The low sensitivity has been overcome with stable isotope enrichment and new NMR methods. Enrichment with stable isotopes like 13C and 15N enables identification and quantification of metabolites, and ultimately of complete metabolomes, by combining uniformly labelled metabolites with various NMR and MS techniques. A basic concept of NMR-based plant metabolomics has been proposed by Kikuchi et al (2004). These authors produced uniformly labeled Arabidopsis plants in tissue culture by feeding 13C-labelled glucose and 15N-labelled nitrate as the only C- and N- source, respectively. Stable isotopes like 13C and 15N enable scientists in metabolomics to identify the metabolites of complete metabolomes by combining uniformly labelled metabolites with NMR. For example, in this way the differences in the metabolomes of the wildtype and mutants of Arabidopsis have been studied (Kikuchi et al, 2004). By labelling plants with the stable isotopes 13C and/or 15N during a complete life cycle from seed to maturity, all organs and plant components will contain the isotopes in virtually the same ratio as present in the substrate. When the substrates contain 99% 13C and/or 99% 15N, all plant components will be uniformly labelled at nearly the same 99% enrichment. Subsequently, the stable-isotope labelled components of interest (biomass, fibers, or metabolites) can be extracted and mixed with samples of non-labelled extracts for analysis by NMR with or without MS.

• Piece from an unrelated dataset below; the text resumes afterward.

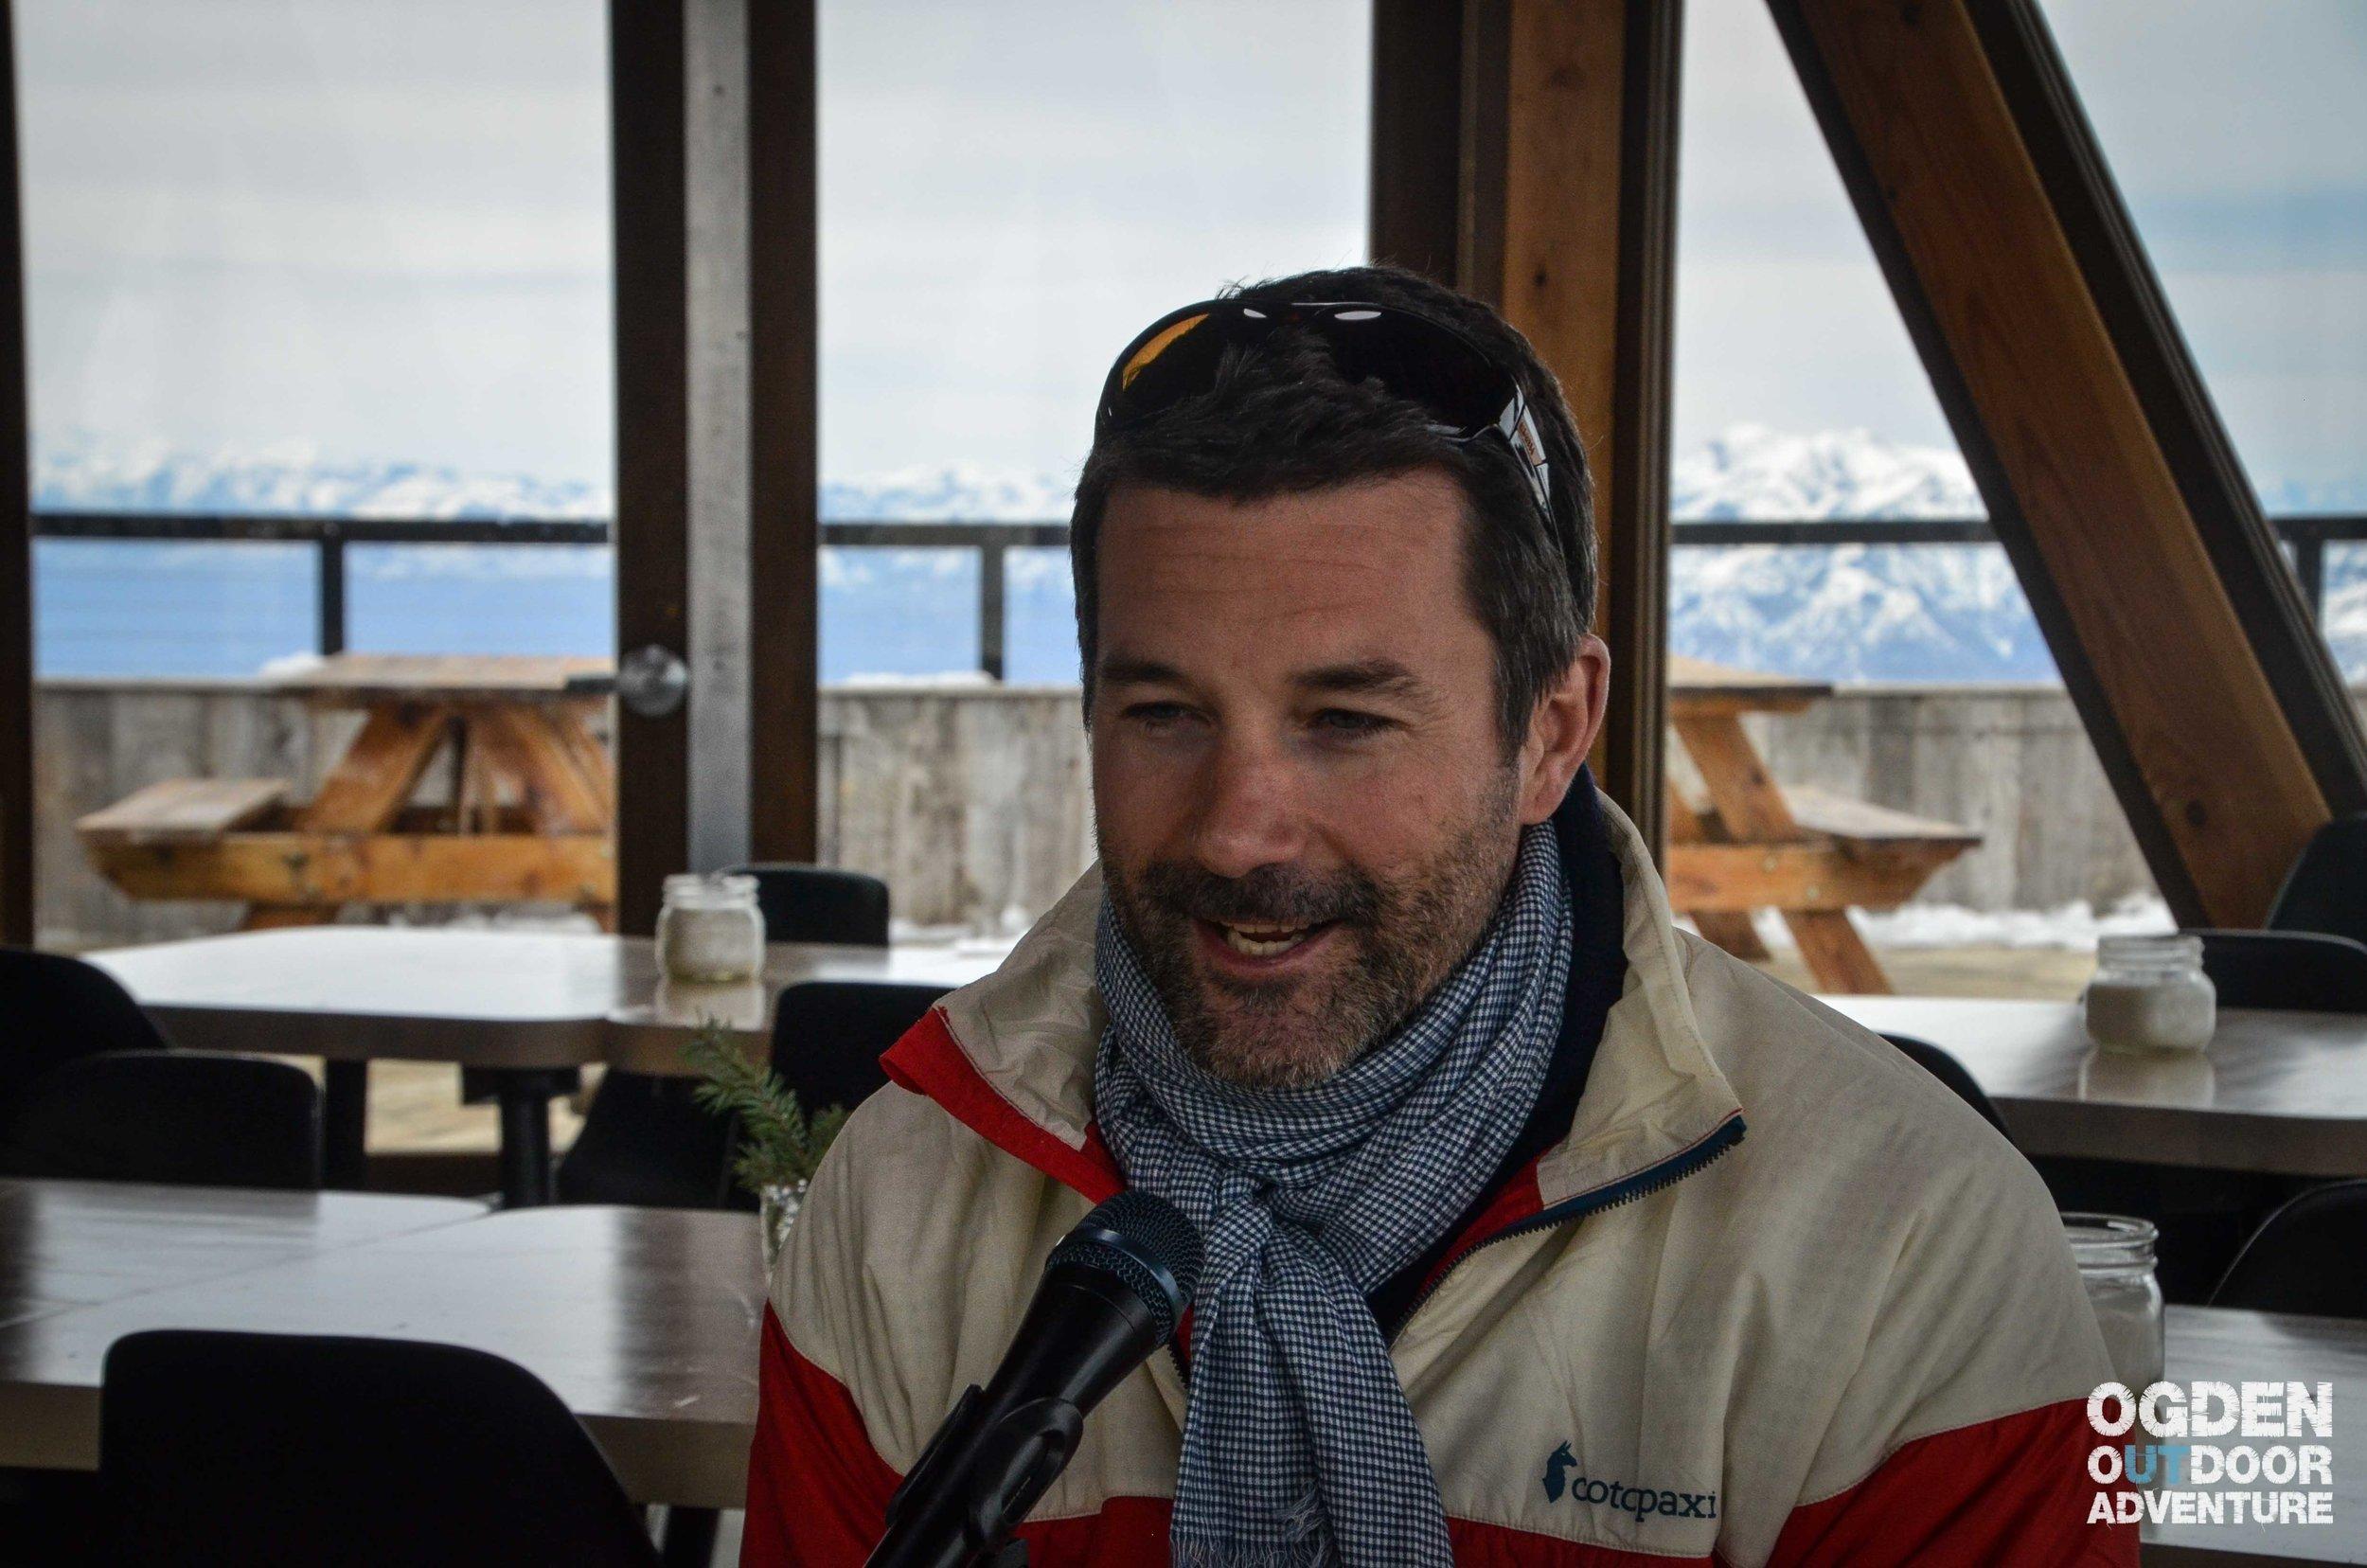 Daniel Fox at Summit Powder Mountain Skylodge

Figure 1 illustrates how plants were uniformly labelled with the stable isotopes 13C and 15N (1) and subsequently analysed with hetero-nuclear 2D NMR (2). The stable isotope labeled plants showed a high-level and a high-sensitive separation of metabolite signals (3). Subtraction of spectra (4) of different mutants yielded a quantitative figure of increased and decreased metabolites (5) in the samples (Kikuchi et al, 2004).

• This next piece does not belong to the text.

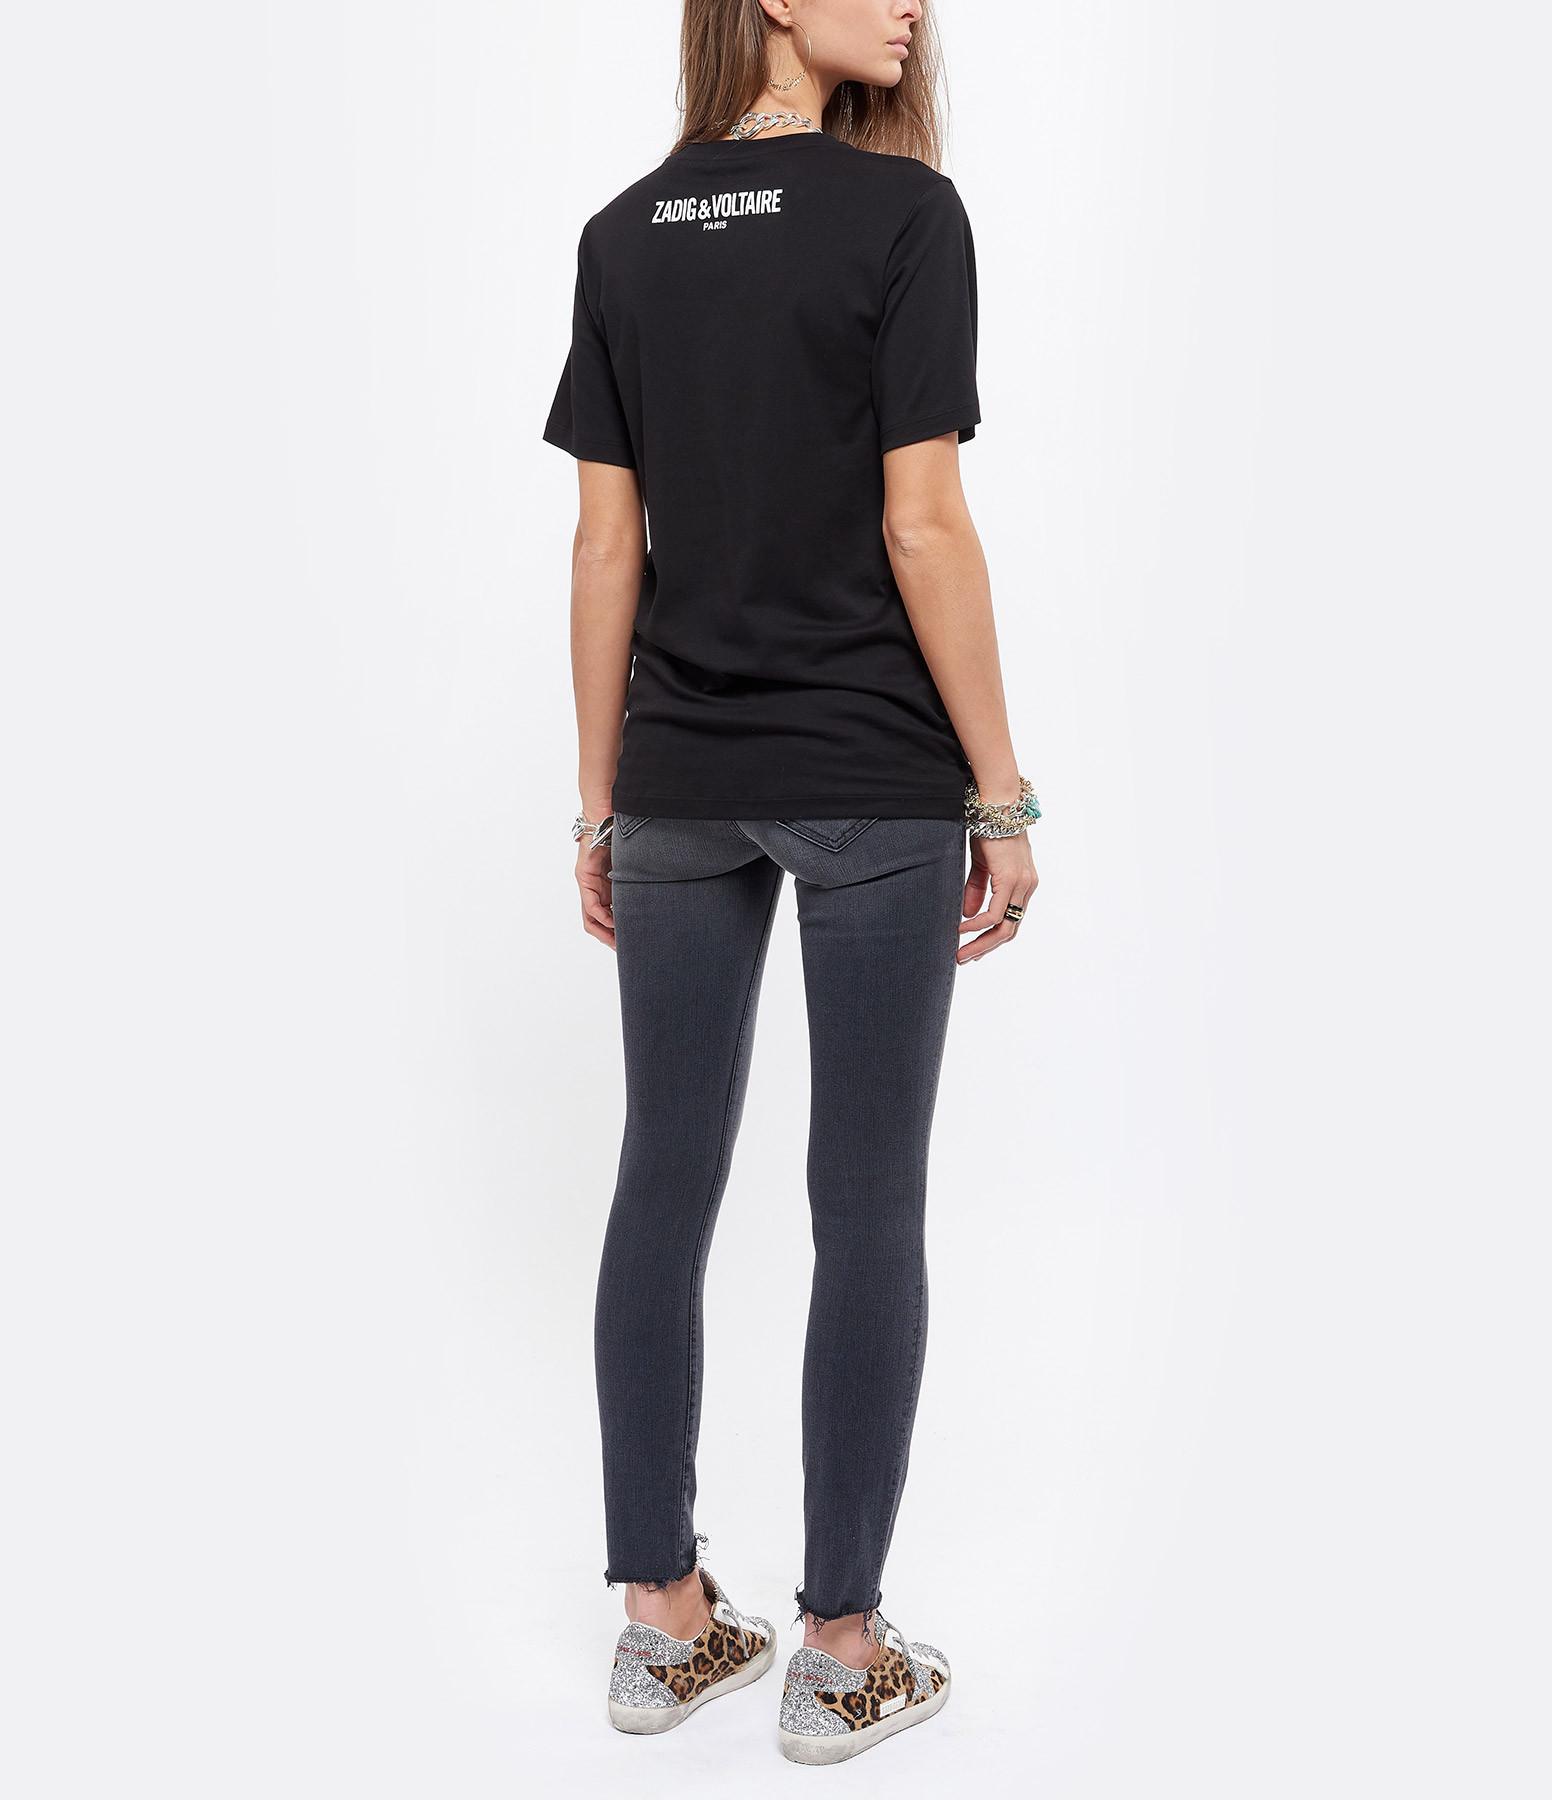 ZADIG & VOLTAIRE - Tee-shirt Bella Coton Noir

Figure 1. Principle of comparative metabolite analysis with NMR (Kikuchi et al, 2004).

In 2004, the authors concluded that NMR will become a key technology in plant metabolomics: “the use of isotope labeling together with newly developed NMR technologies opens a new avenue for plant metabolomics” (Kikuchi et al, 2004).

Stable Isotope solution: Photoreforming of (13C) cellulose to H2 using CdS/CdOx

In Nature Energy, Wakerley et al (2017) demonstrated a remarkable discovery, the photocatalytic production of H2 from cellulose in the presence of a catalyst by the identification of products of U-13C alpha-cellulose oxidation by 13C-NMR spectroscopy using IsoLife’s uniformly 13C-labelled cellulose. Figure 2 shows the formation of three 13C-labelled products originating from 13C-labelled cellulose photo-oxidation in the presence of a CdS/CdOx catalyst: carboxylic acid (signal ii), formate (iii), and carbonate (iv).

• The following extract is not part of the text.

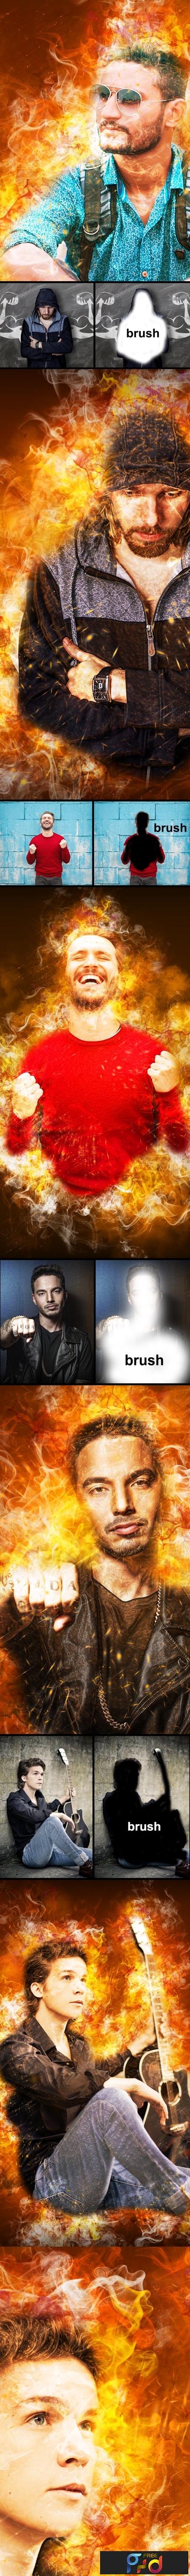 Amazing Flame Photoshop Action 23487754 1

Figure 2. Formation of three 13C-labelled products (Wakerley et al, 2017).

Stable Isotope solution: Enrichment for CMP-NMR on live, germinating 13C seeds

Comprehensive Multi Phase (CMP)-NMR has been used for simultaneous monitoring in the liquid, gel and solid state of metabolic changes in germinating uniformly 13C-enriched wheat seeds in the NMR machine probe (Lam et al, 2014; Fortier-McGill et al. 2017). Figure 3 shows the percentage change of both the anomeric carbohydrate signals (93−103 ppm) and the TAG (triacylglycerides, 125−137 ppm) and from the edited spectra: IDE (dissolved small freely diffusing), DE (rigid gels semisolids with restrictive diffusion), RADE (large fast relaxing semisolids), at time 24, 48, 72, and 96 h relative to the dry seed at 0 h (Fortier-McGill et al, 2017).

 

Figure 3. Relative changes in carbohydrate during germination of U-13C wheat seeds using CMP-NMR (Fortier-McGill et al, 2017).